Chemistry looks back at many decades of publications on chemical compounds, their structures and properties, in scientific articles. Liberating this knowledge (semi-)automatically and making it available to the world in open-access databases is a current challenge. Apart from mining textual information, Optical Chemical Structure Recognition (OCSR), the translation of an image of a chemical structure into a machine-readable representation, is part of this workflow. As the OCSR process requires an image containing a chemical structure, there is a need for a publicly available tool that automatically recognizes and segments chemical structure depictions from scientific publications. This is especially important for older documents which are only available as scanned pages. Here, we present DECIMER (Deep lEarning for Chemical IMagE Recognition) Segmentation, the first open-source, deep learning-based tool for automated recognition and segmentation of chemical structures from the scientific literature. The workflow is divided into two main stages. During the detection step, a deep learning model recognizes chemical structure depictions and creates masks which define their positions on the input page. Subsequently, potentially incomplete masks are expanded in a post-processing workflow. The performance of DECIMER Segmentation has been manually evaluated on three sets of publications from different publishers. The approach operates on bitmap images of journal pages to be applicable also to older articles before the introduction of vector images in PDFs. By making the source code and the trained model publicly available, we hope to contribute to the development of comprehensive chemical data extraction workflows. In order to facilitate access to DECIMER Segmentation, we also developed a web application. The web application, available at https://decimer.ai, lets the user upload a pdf file and retrieve the segmented structure depictions.

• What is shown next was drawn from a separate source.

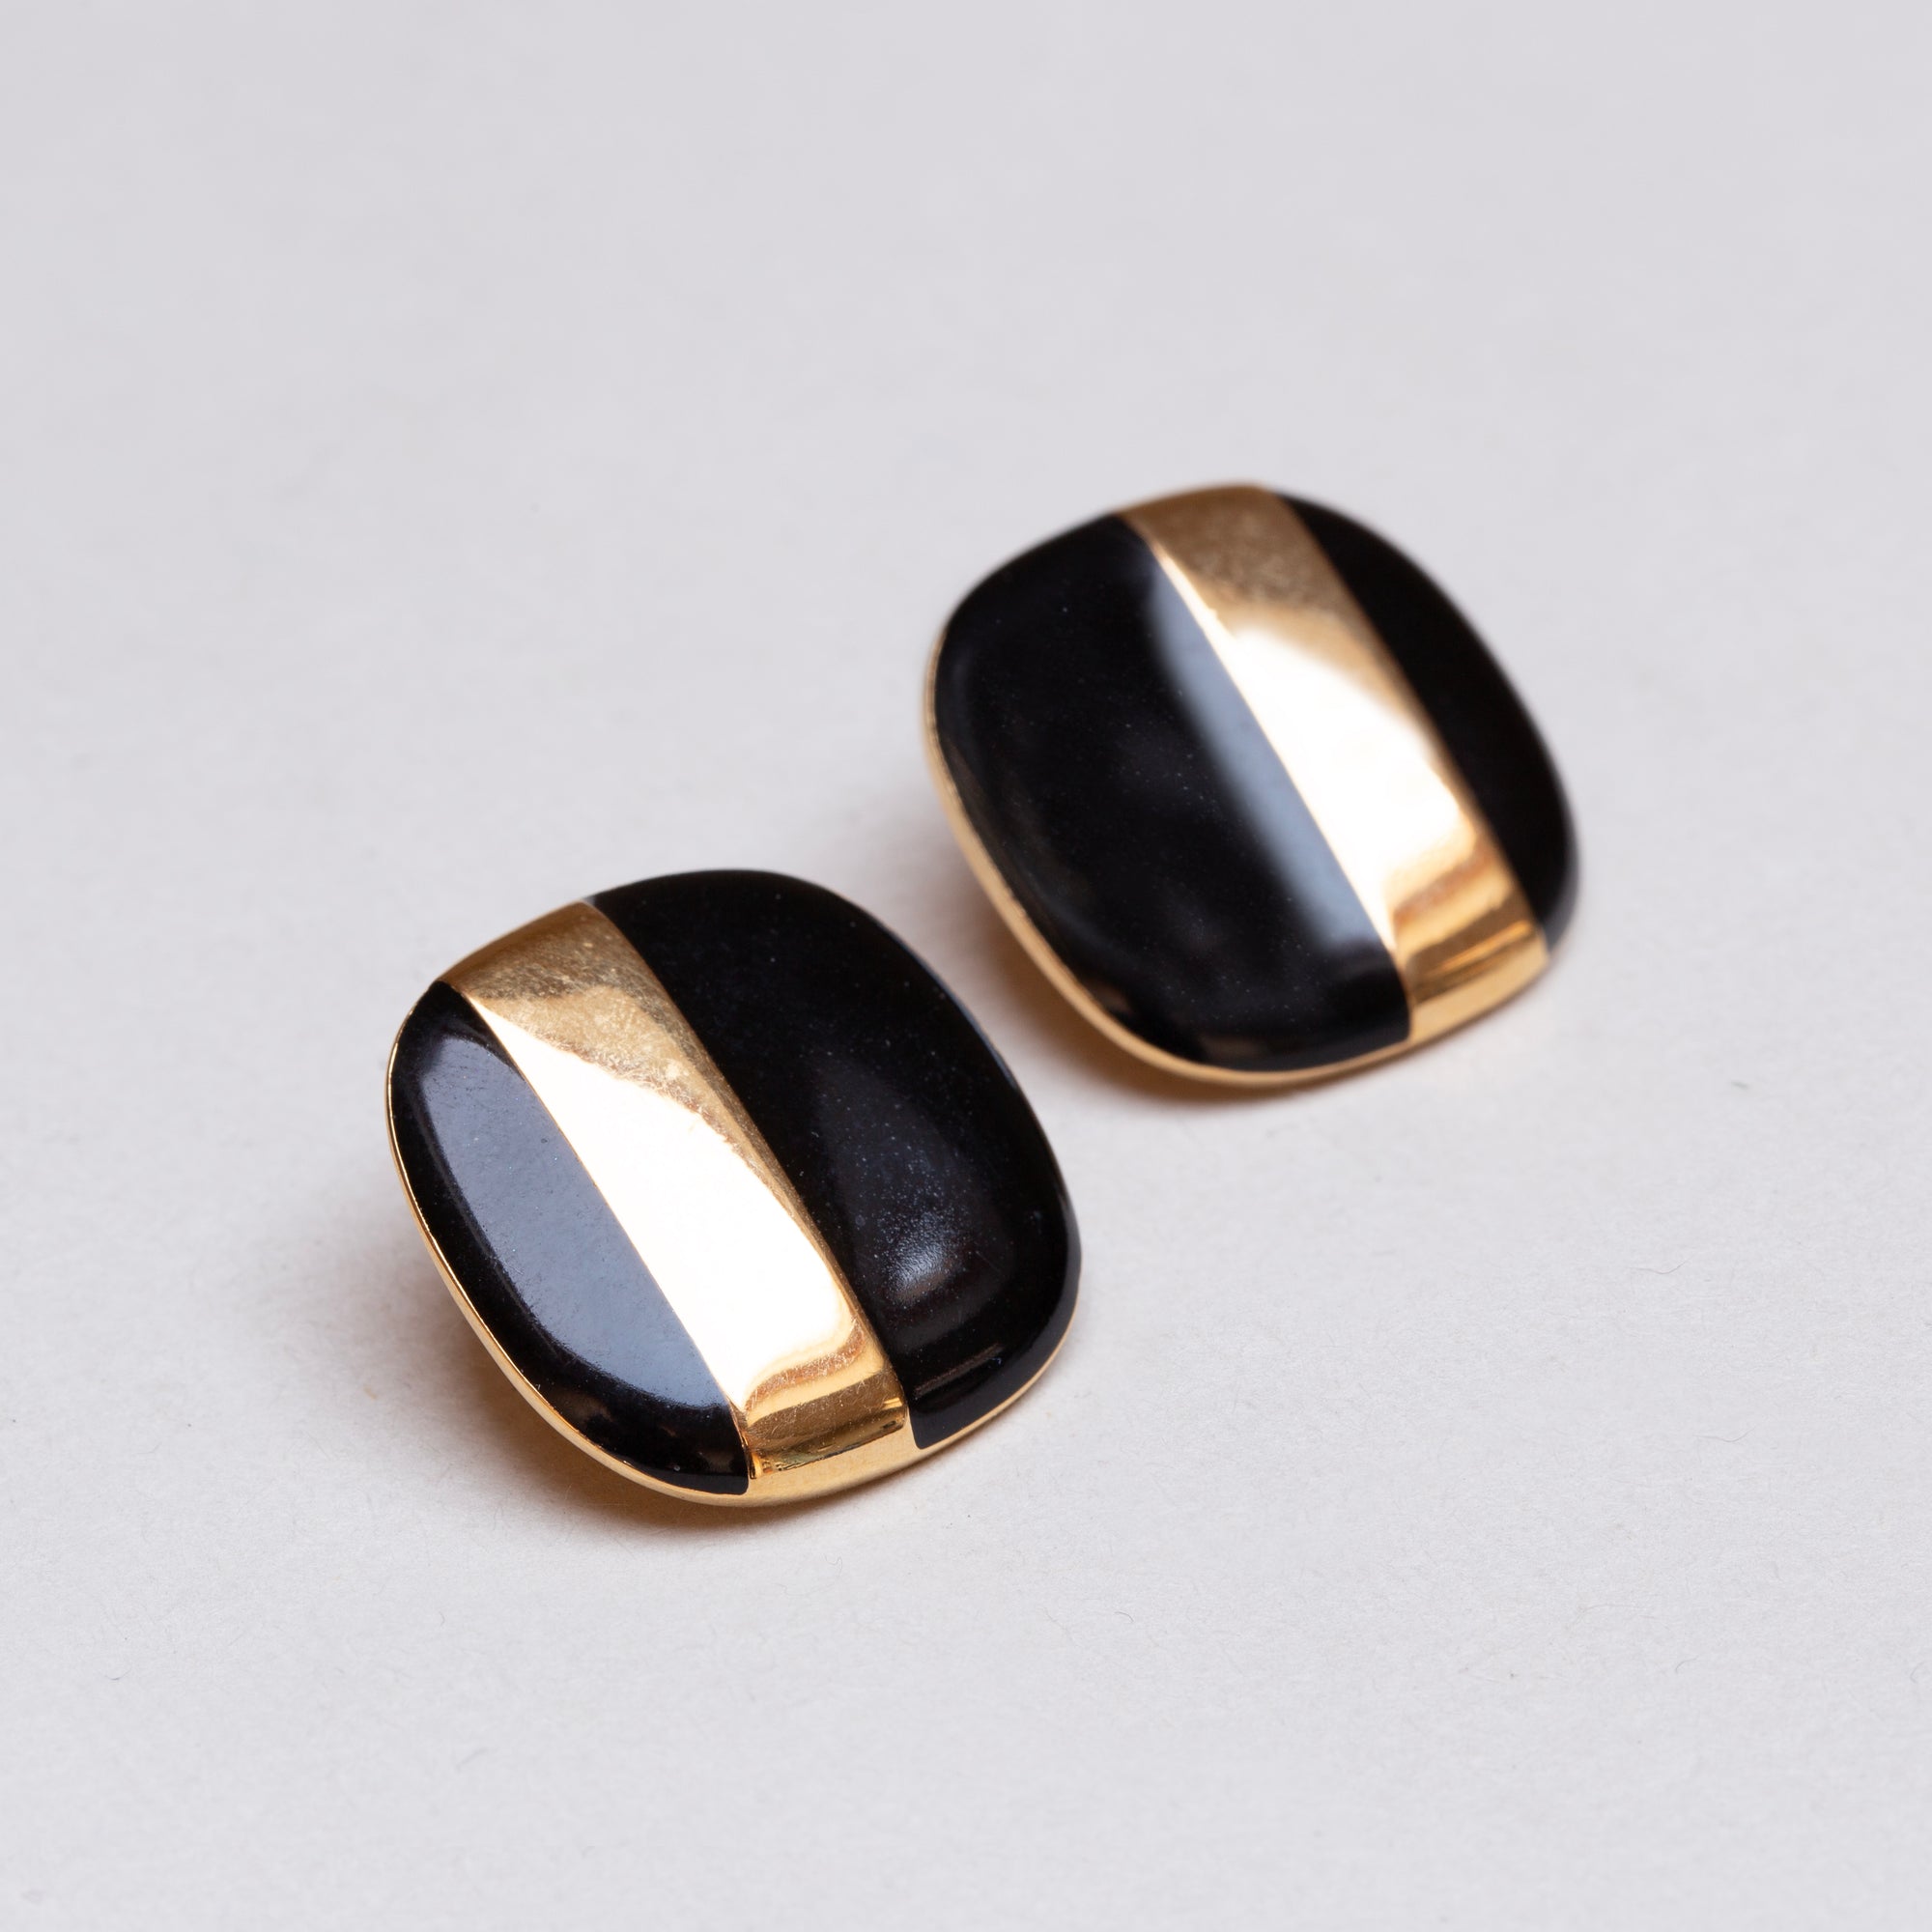 Vintage Gold and Black Enamel Clip-on Earrings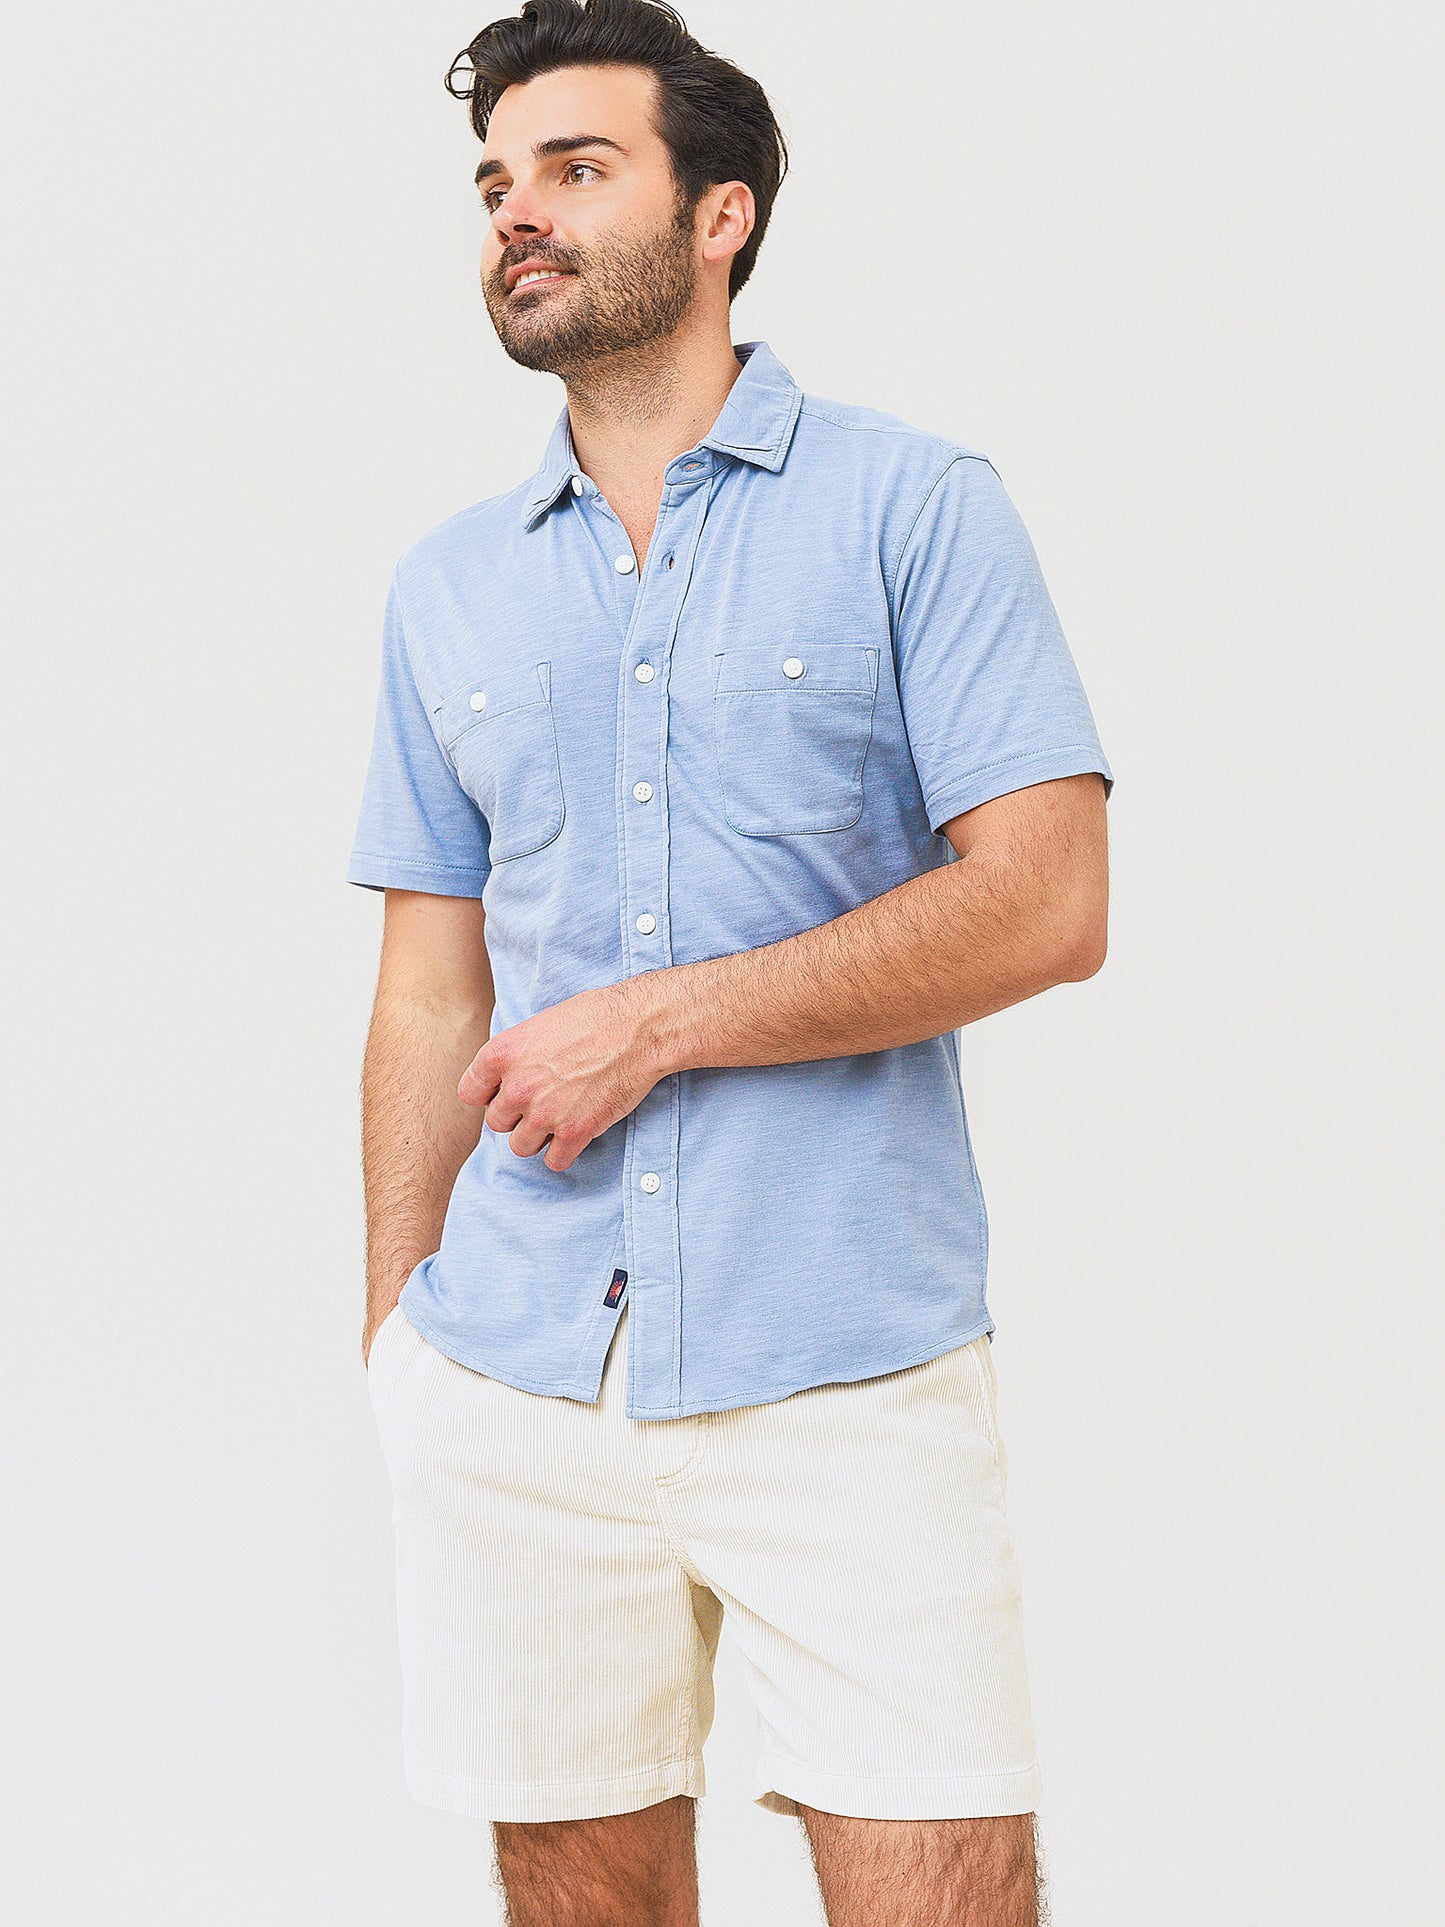 Faherty Brand Men's Short Sleeve Knit Seasons Shirt

Chemical information is communicated as text and images in scientific publications . These data formats are not intrinsically machine-readable and the manual extraction of chemical information from the literature is a time-consuming and error-prone procedure . Hence, the increasing amount of chemical information being published creates a demand for automated chemical information extraction methods .
Over the course of the last three decades, there has been an active development in the field of Optical Chemical Structure Recognition (OCSR). OCSR is the translation of an image of a chemical structure into a machine-readable representation . Most OCSR tools are only capable of processing images with pure chemical structure depictions. Consequently, an automated segmentation of chemical structures from surrounding document information (text, tables etc.) is desirable. Previous approaches for this task are briefly described in the following paragraphs.
The open-source OCSR tool OSRA was published with a rule-based page segmentation algorithm. This mechanism identifies a chemical structure depiction based on the dimensions of a rectangular bounding box around a region of interest and the ratio of black and white pixels within the bounding box .
The open-source tool ChemSchematicResolver (CSR) is capable of segmenting images which only contain labels and chemical structure depictions. The classification of objects as labels or structure depictions is done using k-means clustering based on a custom feature density metric. If the publication is available as a markup document, these images can be extracted automatically, so that CSR is capable of processing whole documents . Nevertheless, CSR is incapable of handling scanned pages or images which contain other objects than labels and structure depictions.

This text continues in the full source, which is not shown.